▶ _Activity_: Starting with the line that has "Relógios Feminino Analógico" and finishing with the line that has "伝統的な和風テイストの曲の再生済みの波形", set down each line below exactly. Pictures are not copied.

[Opening Extracted records section]

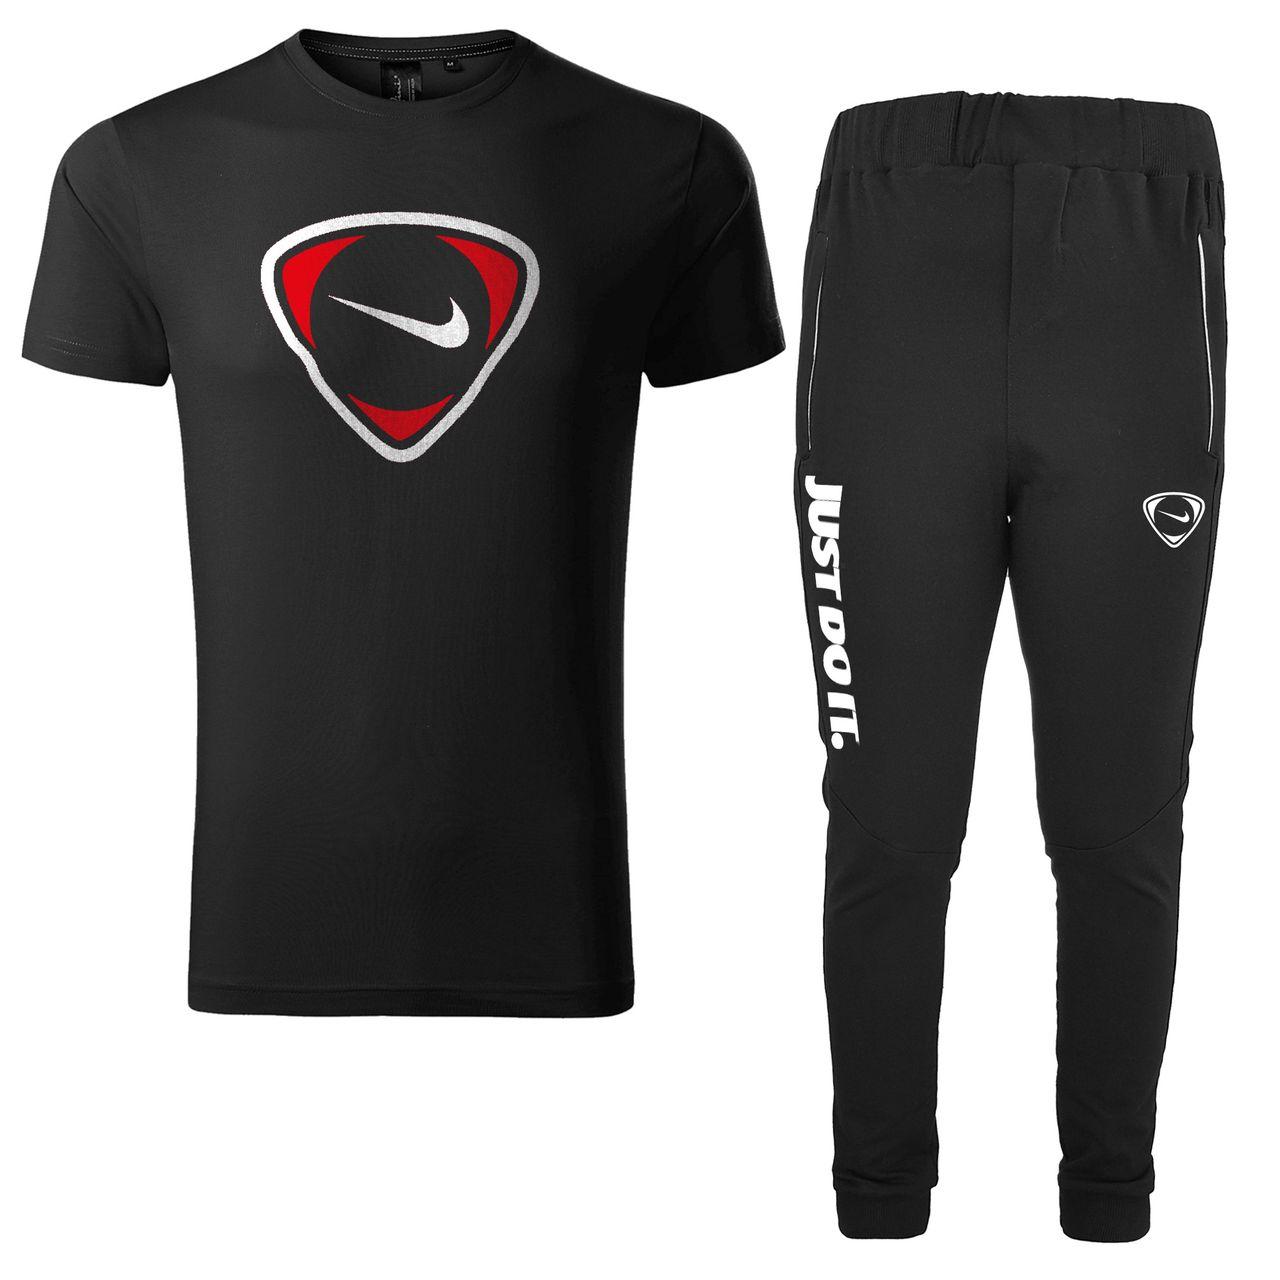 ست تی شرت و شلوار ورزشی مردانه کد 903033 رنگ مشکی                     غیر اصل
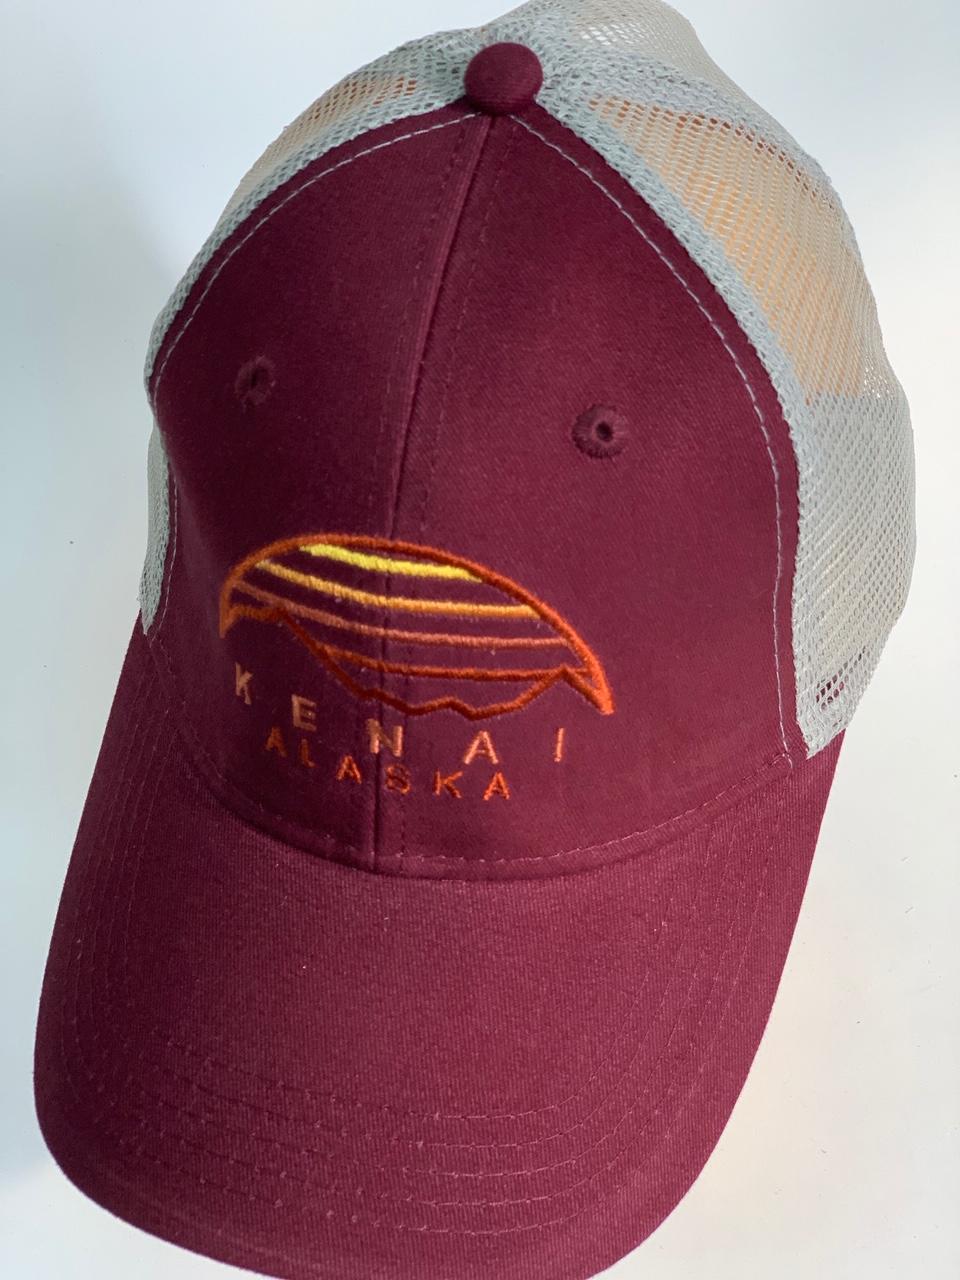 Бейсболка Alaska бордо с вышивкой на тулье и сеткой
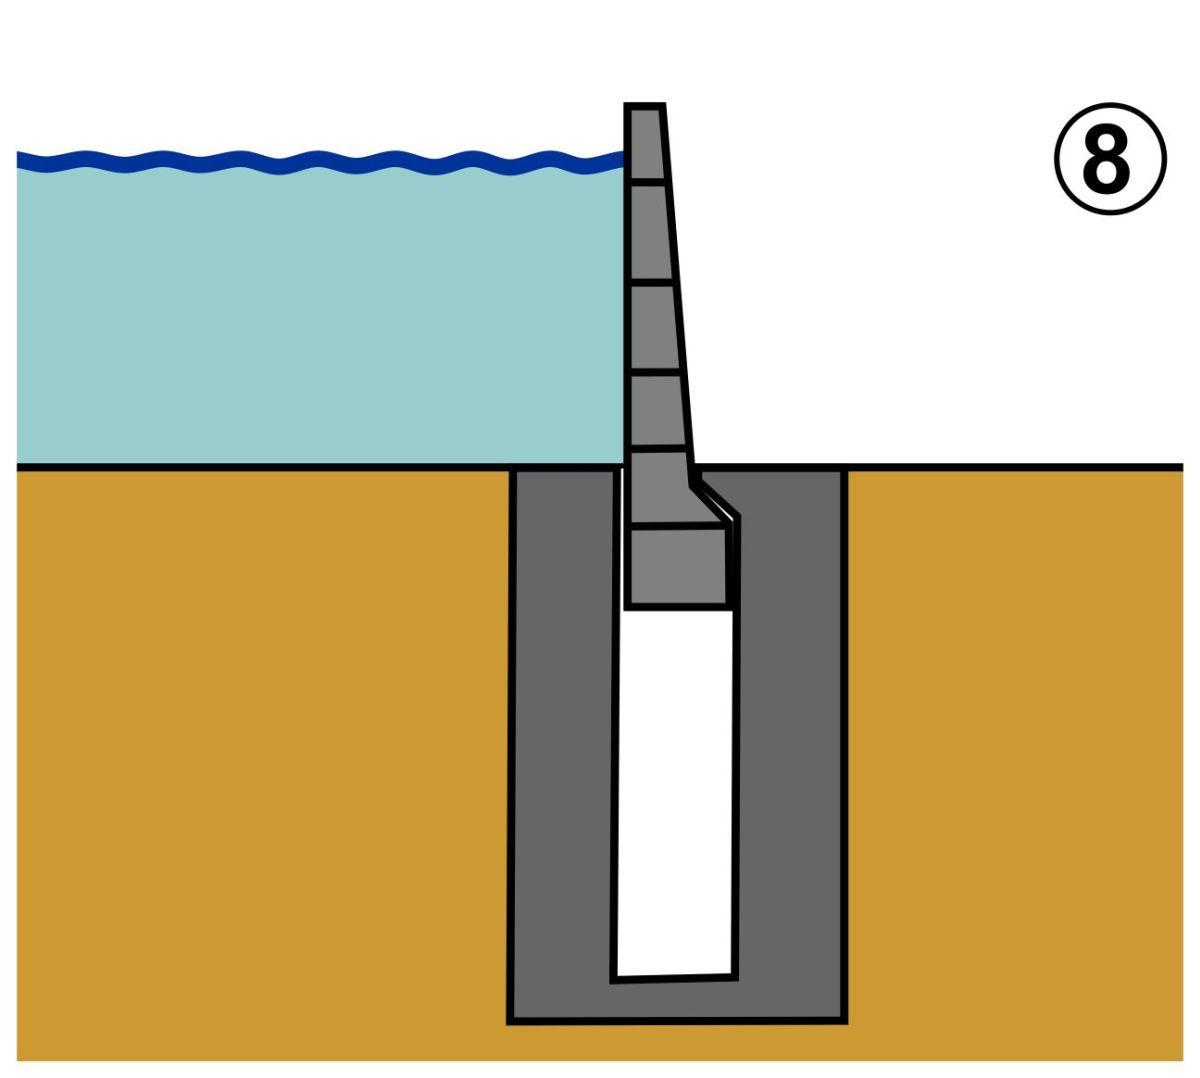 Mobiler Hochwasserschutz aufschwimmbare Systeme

[Closing Extracted records section]
[Opening Extracted records section]

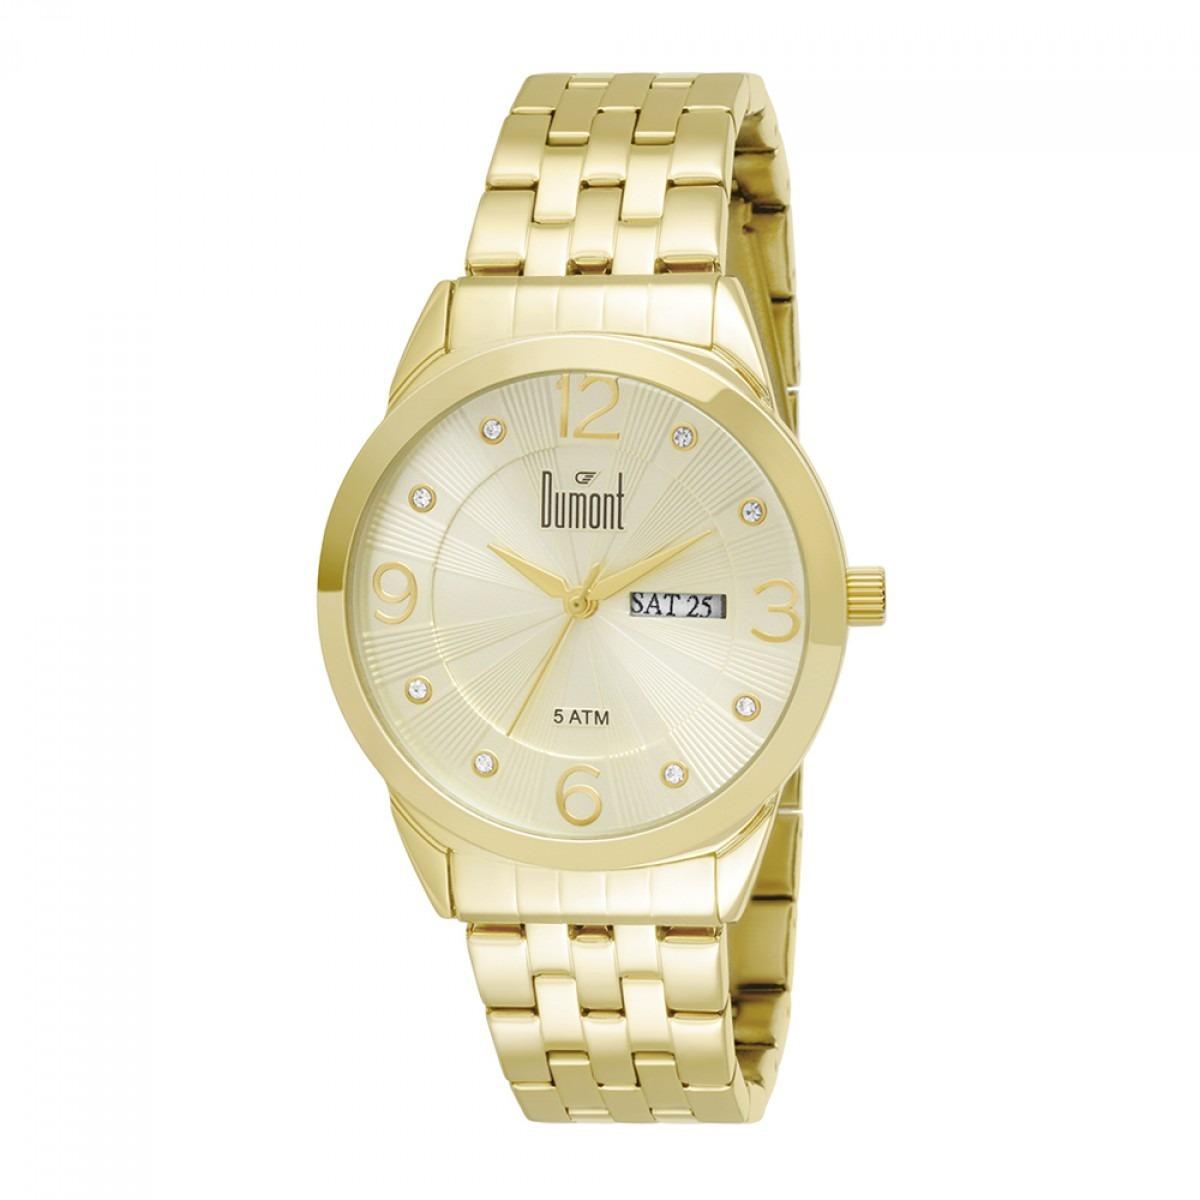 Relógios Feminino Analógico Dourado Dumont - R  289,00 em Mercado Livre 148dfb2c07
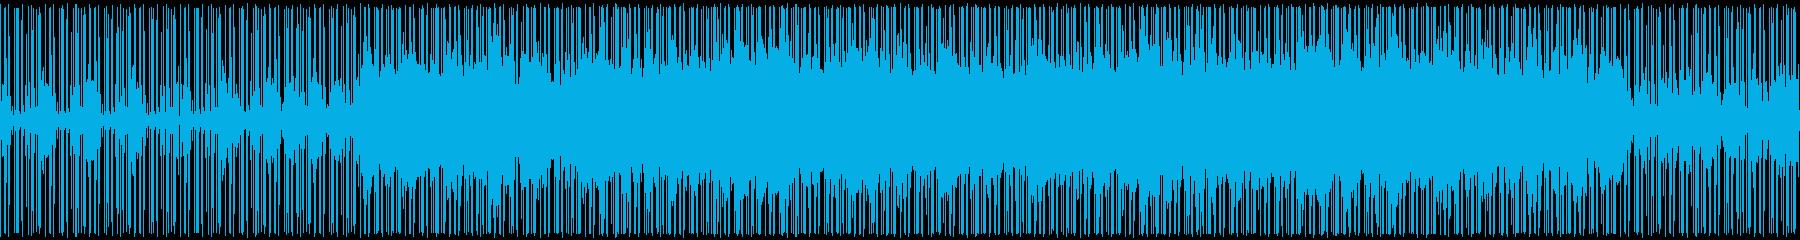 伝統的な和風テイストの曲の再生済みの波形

[Closing Extracted records section]
[Opening Extracted records section]

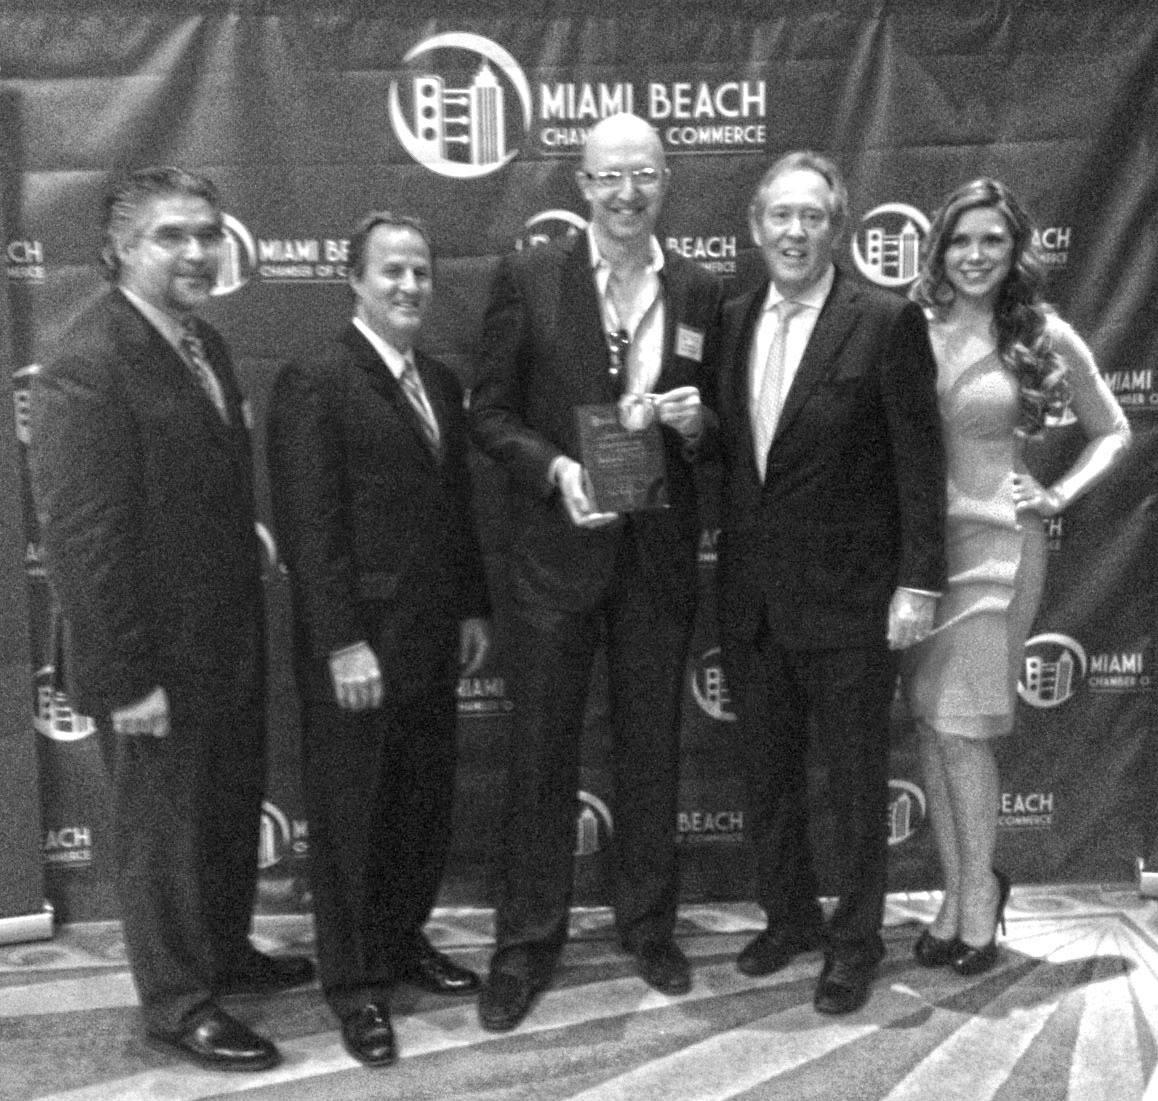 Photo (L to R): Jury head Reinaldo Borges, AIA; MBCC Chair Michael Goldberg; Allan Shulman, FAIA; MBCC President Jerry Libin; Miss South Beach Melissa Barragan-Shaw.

[Closing Extracted records section]

▶ _Finished task_:
 Relógios Feminino Analógico Dourado Dumont - R  289,00 em Mercado Livre 148dfb2c07
 伝統的な和風テイストの曲の再生済みの波形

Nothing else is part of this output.